11 Small Scale Projects


11.1 An R Code Chunk

Save the following code as CodeChunk.R

sum_squared <- function(x1, x2) {
    y <- (x1 + x2)^2
    return(y)
} 

x <- c(0,1,3,10,6)
sum_squared(x[1], x[3])
sum_squared(x, x[2])
sum_squared(x, x[7])
sum_squared(x, x) 

Clean the workspace In the right panels, manually cleanup

  • save the code as MyFirstCode.R
  • clear the environment and history (use the broom in top right panel)
  • clear unsaved plots (use the broom in bottom right panel)

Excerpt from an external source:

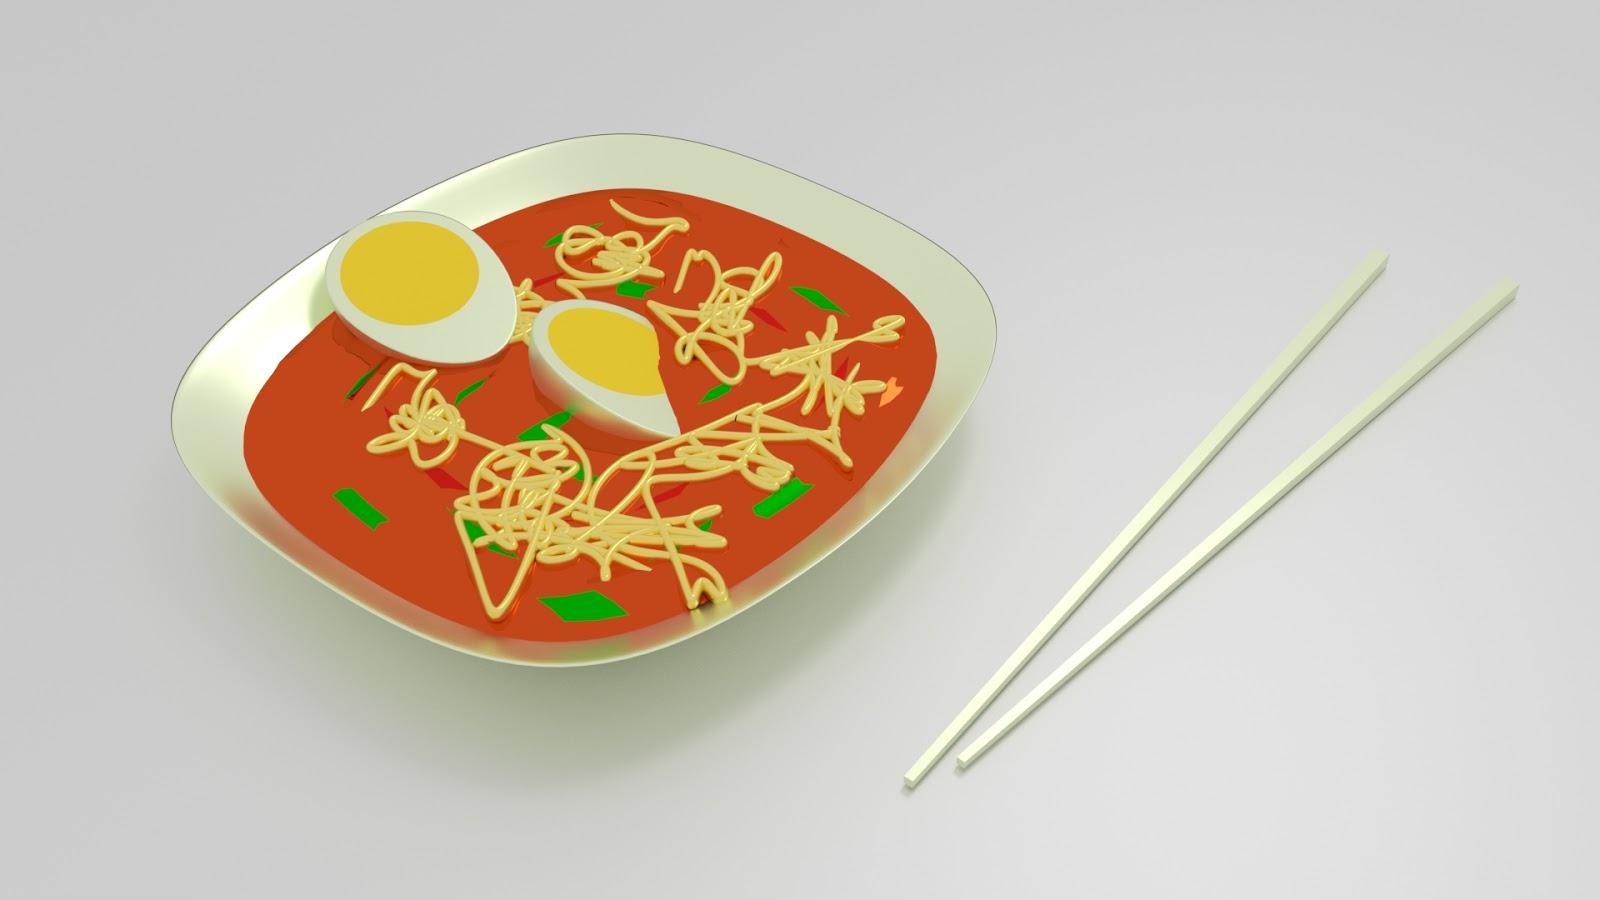 Free 3D Egg Noodles .blend

Replicate using the grahical user interface (GUI) while in Rstudio either using a “point-click” or “console” method

GUI: point-click click ‘Source > Source as a local job’ on top right

GUI: console into the console on the bottom left, enter

source('MyFirstCode.R')

CLI Alternatives (Skippable) There are also alternative ways to replicate via the command line interface (CLI) after opening a terminal

CLI: console

Rscript -e "source('CodeChunk.R')"

CLI: direct

Rscript CodeChunk.R

Note that you can open a new terminal in RStudio in the top bar by clicking ‘tools > terminal > new terminal’

11.2 An R Markdown Document

11.2.1 Copy/Paste Example

Download

See DataScientism.html

Download source file from DataScientism.Rmd

Replicate

You can now create the primers by opening the Rstudio GUI and then point-and-click.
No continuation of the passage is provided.